Numpytxt postprocessor

post:
    class: numpytxt  # Reads output from a tabular text file (e.g. csv, tsv) with numpy genfromtxt.
    path: stdout  # Path to simulation output
    names: ~  # Collect only these variable names from output file.
    options:  # Options for numpy genfromtxt.
        deletechars: ""

profit.run.command.NumpytxtPostprocessor

HDF5 postprocessor

post:
    class: hdf5  # Reads output from an hdf5 file.
    path: output.hdf5  # Path to simulation output

profit.run.command.HDF5Postprocessor

Fit config

fit:
    surrogate: GPy  # Surrogate model used.
    save: ./model.hdf5  # Path where trained model is saved.
    load: False  # Path to existing model, which is loaded.
    fixed_sigma_n: False  # True constrains the data noise hyperparameter to its initial value.
    encoder:
        - class: Exclude  # Exclude constant variables from fit.
          variables: Constant
          parameters: {}
        - class: Log10  # Transform LogUniform variables logarithmically.
          variables: LogUniform
          parameters: {}
        - class: Normalization  # Normalize all input and output variables (zero mean, unit variance, n-dimensional 1-cube).
          variables: all
          parameters: {}
    kernel: RBF  # Kernel used for fitting. Also sum (e.g. RBF+Matern32) andd product kernels are possible.
    hyperparameters:  # Initial hyperparameters of the surrogate model.
        length_scale: None  # None: Inferred from training data.
        sigma_f: None  # Scaling parameter of surrogate model.
        sigma_n: None  # Data noise (standard deviation).

profit.sur.Surrogate
profit.sur.gp.GaussianProcess
profit.sur.gp.custom_surrogate.GPSurrogate
profit.sur.gp.gpy_surrogate.GPySurrogate
profit.sur.gp.sklearn_surrogate.SklearnGPSurrogate
profit.sur.gp.custom_surrogate.MultiOutputGPSurrogate
profit.sur.gp.gpy_surrogate.CoregionalizedGPySurrogate

Active learning config

active_learning:
    algorithm: simple  # Algorithm to be used. Either SimpleAL or McmcAL.
    nwarmup: 3  # Number of warmup points.
    batch_size: 1  # Number of candidates which are learned in parallel.
    convergence_criterion: 1e-5  # Not yet implemented.
    nsearch: 50  # Number of candidate points per dimension.
    make_plot: False  # Plot each learning step.
    save_intermediate:  # Save model and data after each learning step.
        model_path: ./model.hdf5
        input_path: ./input.txt
        output_path: ./output.txt
    resume_from: None  # Float of the last run from where AL is resumed with saved model and data files.

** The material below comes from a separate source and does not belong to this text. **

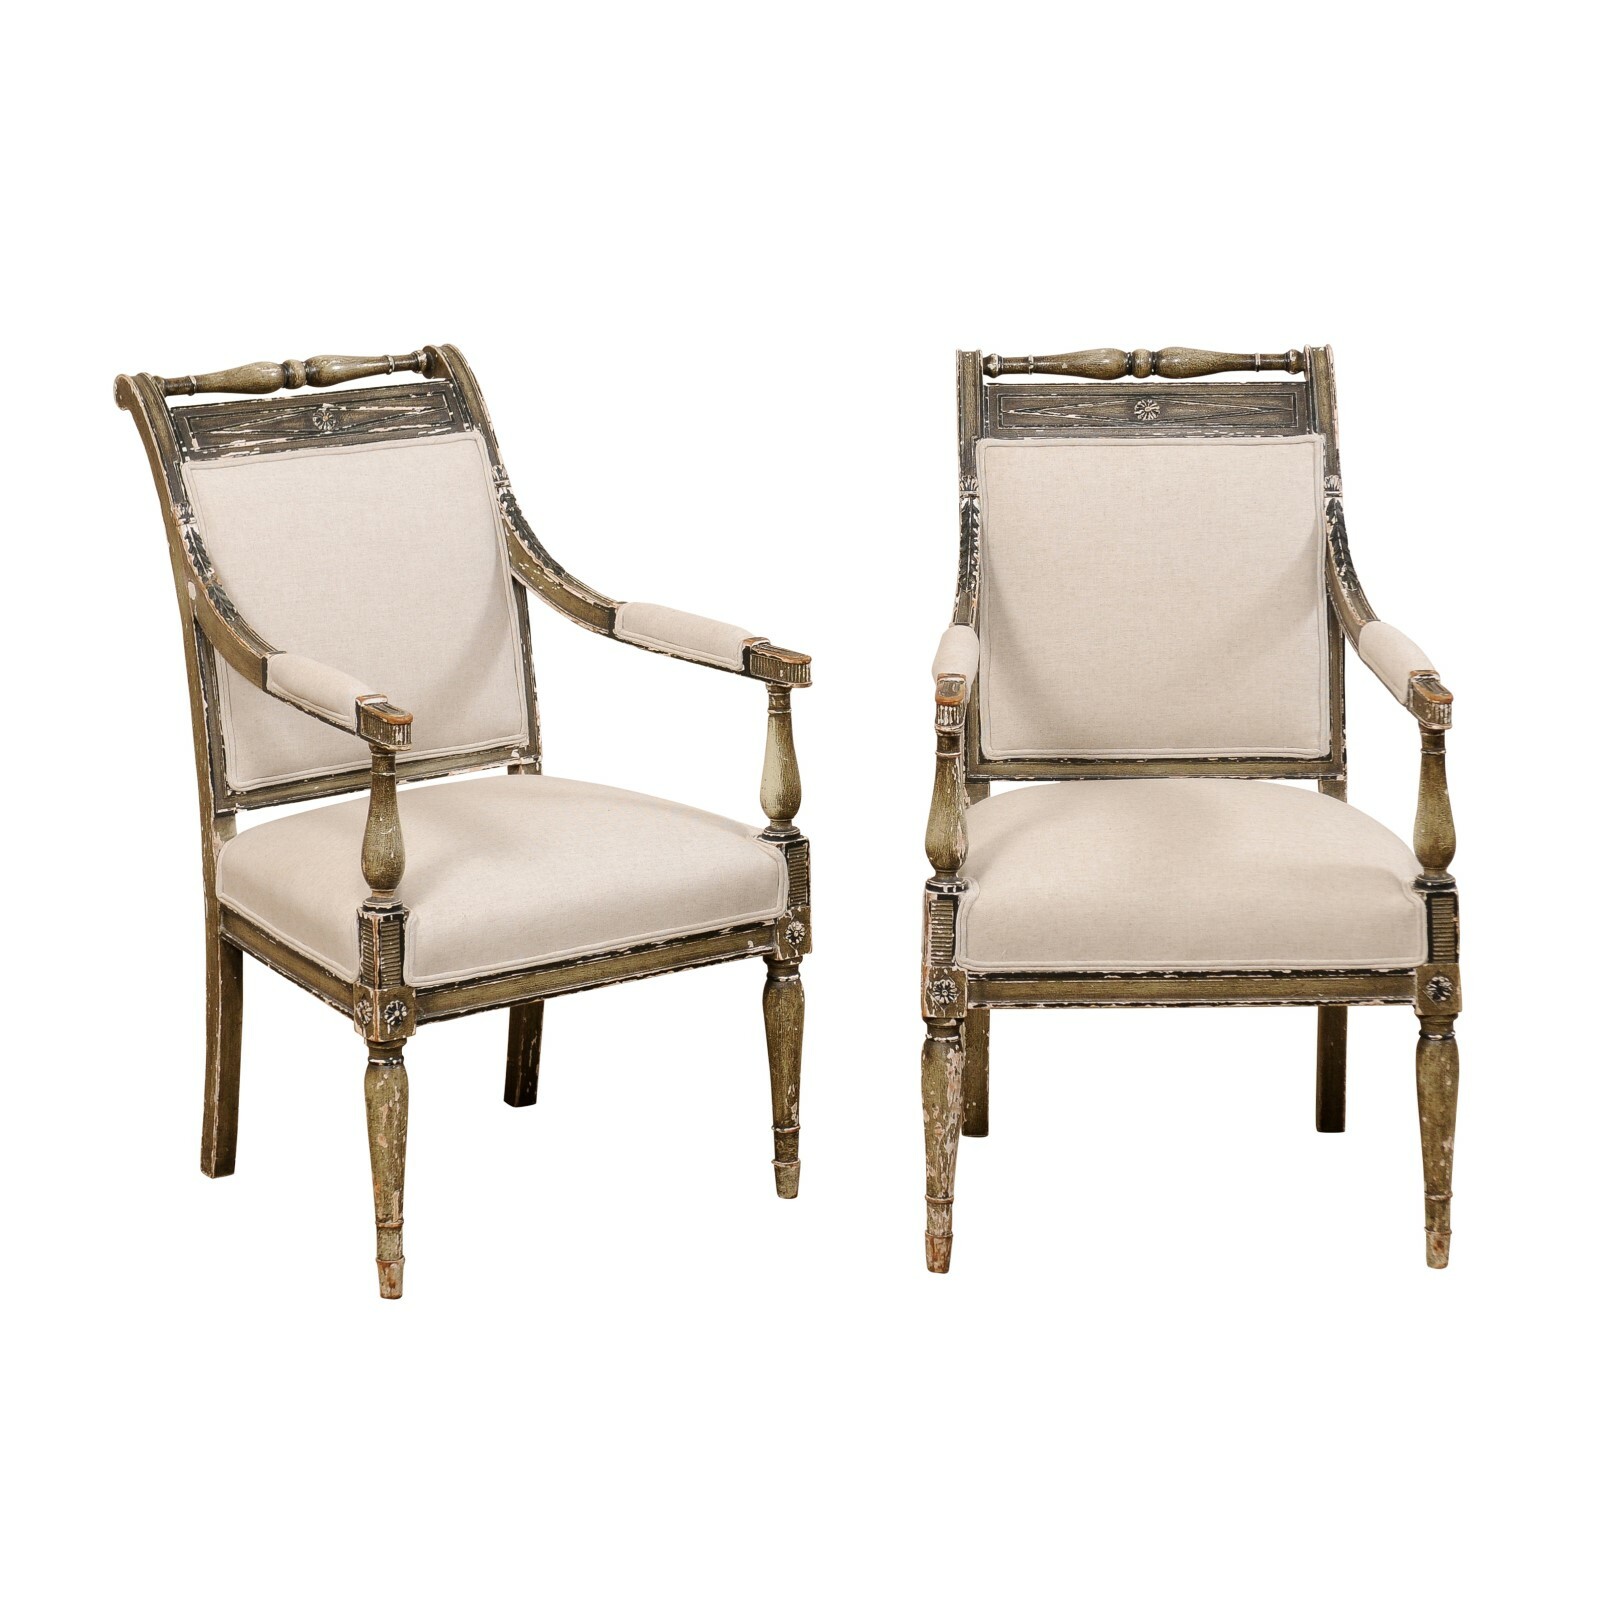 French Pair 19th C. Empire Style Fauteuils

profit.al.active_learning.ActiveLearning

Simple active learning

algorithm:
    class: simple  # Standard active learning algorithm.
    acquisition_function: simple_exploration  # Function to select next candidates.
    save: True  # Save active learning model after training.

profit.al.simple_al.SimpleAL

MCMC

algorithm:
    class: mcmc  # MCMC model.
    reference_data: ./yref.txt  # Path to experimental data.
    warmup_cycles: 1  # Number of MCMC warmup cycles.
    target_acceptance_rate: 0.35  # Optimal acceptance rate to be reached after warmup.
    sigma_n: 0.05  # Estimated data noise (standard deviation).
    initial_points: None  # List of initial MCMC points.
    last_percent: 0.25  # Fraction of the main learning loop used to calculate posterior mean and standard deviation.
    save: ./mcmc_model.hdf5  # Path where MCMC model is saved.
    delayed_acceptance: False  # Use delayed acceptance with a surrogate model of the likelihood function.

profit.al.mcmc_al.McmcAL

Acquisition functions

Simple exploration

acquisition_function:
    class: simple_exploration  # Minimize variance.
    use_marginal_variance: False  # Add variance occurring through hyperparameter changes.

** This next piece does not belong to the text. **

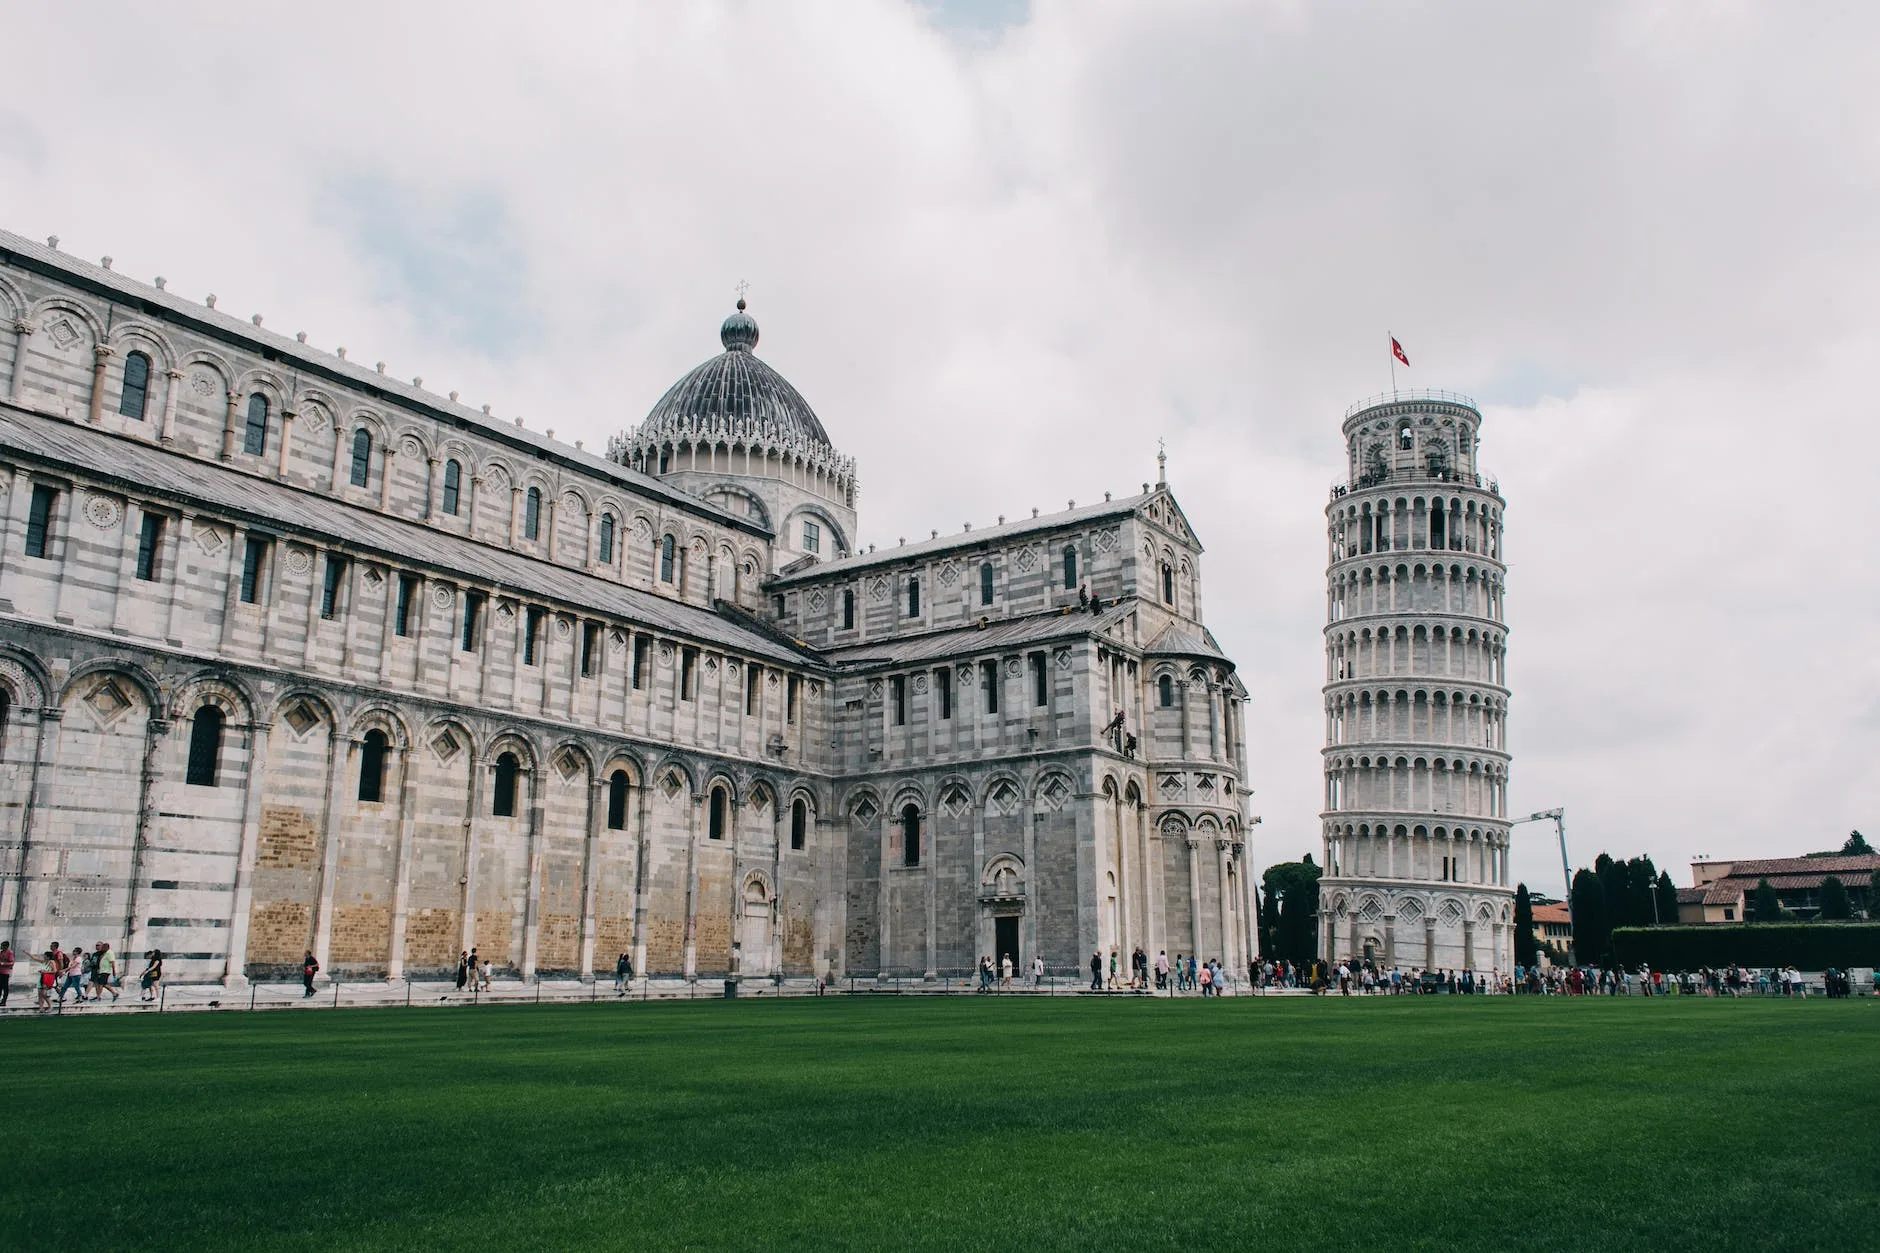 the famous pisa cathedral and leaning tower of pisa in italy

profit.al.acquisition_functions.SimpleExploration

Exploration with distance penalty

acquisition_function:
    class: exploration_with_distance_penalty  # Penalize nearby points.
    use_marginal_variance: False  # Add variance occurring through hyperparameter changes.
    weight: 10  # Exponential weight of penalization.

profit.al.acquisition_functions.ExplorationWithDistancePenalty

Weighted exploration

acquisition_function:
    class: weighted_exploration  # Trade-off between posterior surrogate mean maximization and variance minimization.
    use_marginal_variance: False  # Add variance occurring through hyperparameter changes.
    weight: 0.5  # Balance between mean and variance: weight * mean_part + (1 - weight) * variance_part

profit.al.acquisition_functions.WeightedExploration

Probability of improvement

acquisition_function:
    class: probability_of_improvement

profit.al.acquisition_functions.ProbabilityOfImprovement

Expected improvement

acquisition_function:
    class: expected_improvement  #
    exploration_factor: 0.01  # 0: Only maximization of improvement. 1: Emphasize on exploration.
    find_min: False  # Find the minimum of a function instead of the maximum.

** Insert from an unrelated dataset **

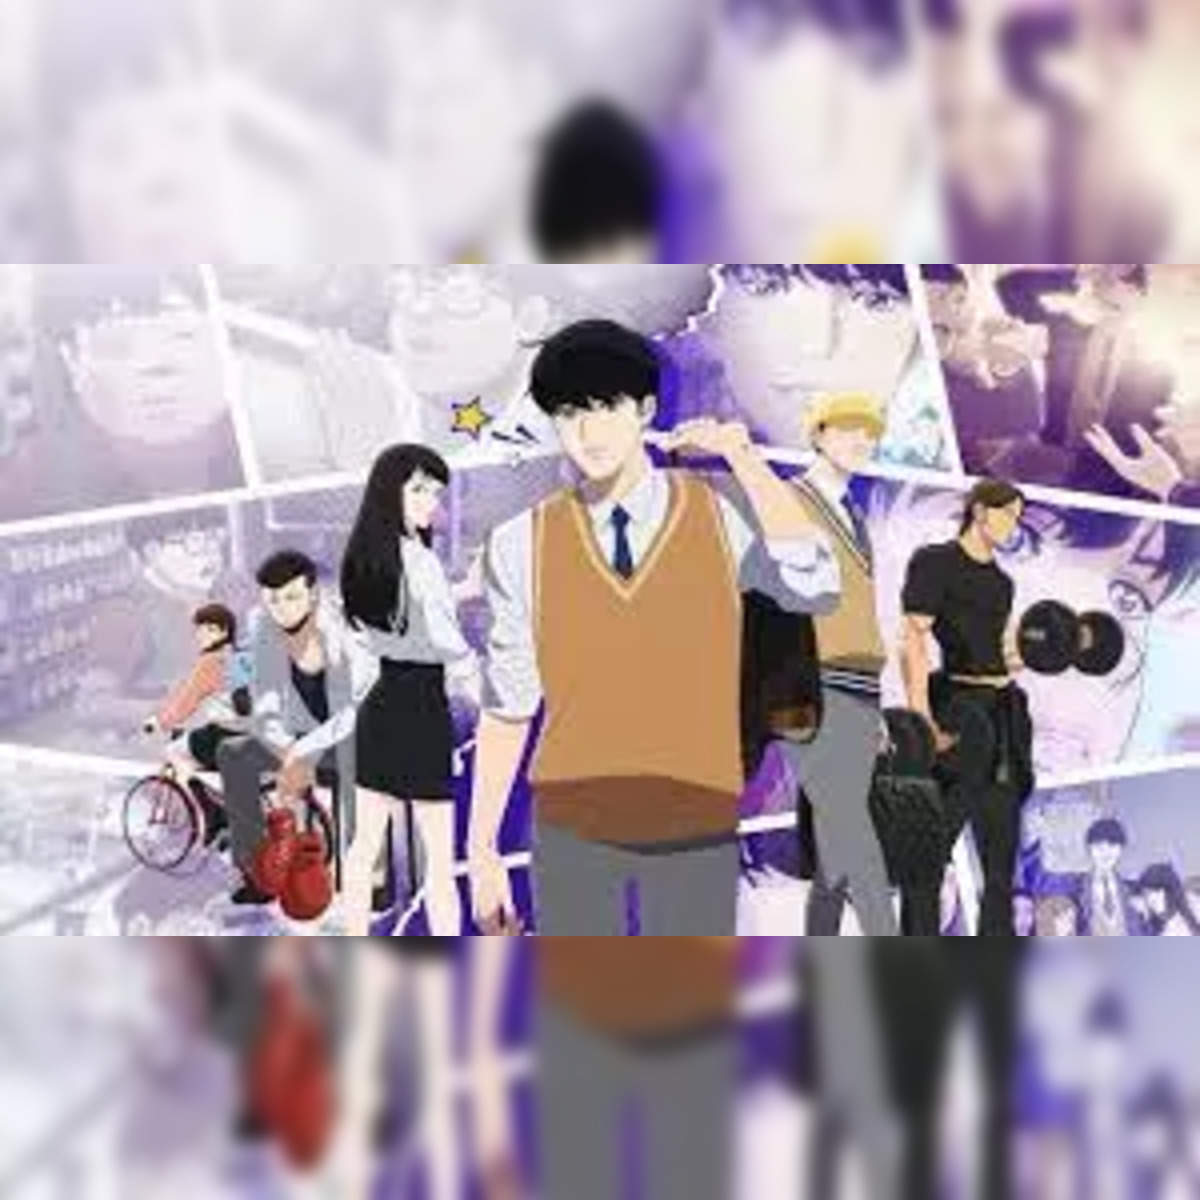 Solo Leveling Anime: Crunchyroll to Premiere Manhwa Adapt on Jan 6th

profit.al.acquisition_functions.ExpectedImprovement

Expected improvement 2

acquisition_function:
    class: expected_improvement_2  # Same as Expected improvement, but with different approximation for parallel AL.
    exploration_factor: 0.01  # 0: Only maximization of improvement. 1: Emphasize on exploration.
    find_min: False  # Find the minimum of a function instead of the maximum.

profit.al.acquisition_functions.ExpectedImprovement2

Alternating exploration

acquisition_function:
    class: alternating_exploration  # Alternating between simple exploration and expected improvement.
    use_marginal_variance: False  # Add variance occurring through hyperparameter changes.
    exploration_factor: 0.01  # 0: Only maximization of improvement. 1: Emphasize on exploration.
    find_min: False  # Find the minimum of a function instead of the maximum.
    alternating_freq: 1  # Frequency of learning loops to change between expected improvement and exploration.

profit.al.acquisition_functions.AlternatingExploration

UI config

ui:
    plot: False  # Directly show figure after executing `profit fit`. Only possible for <= 2D.

profit.ui.app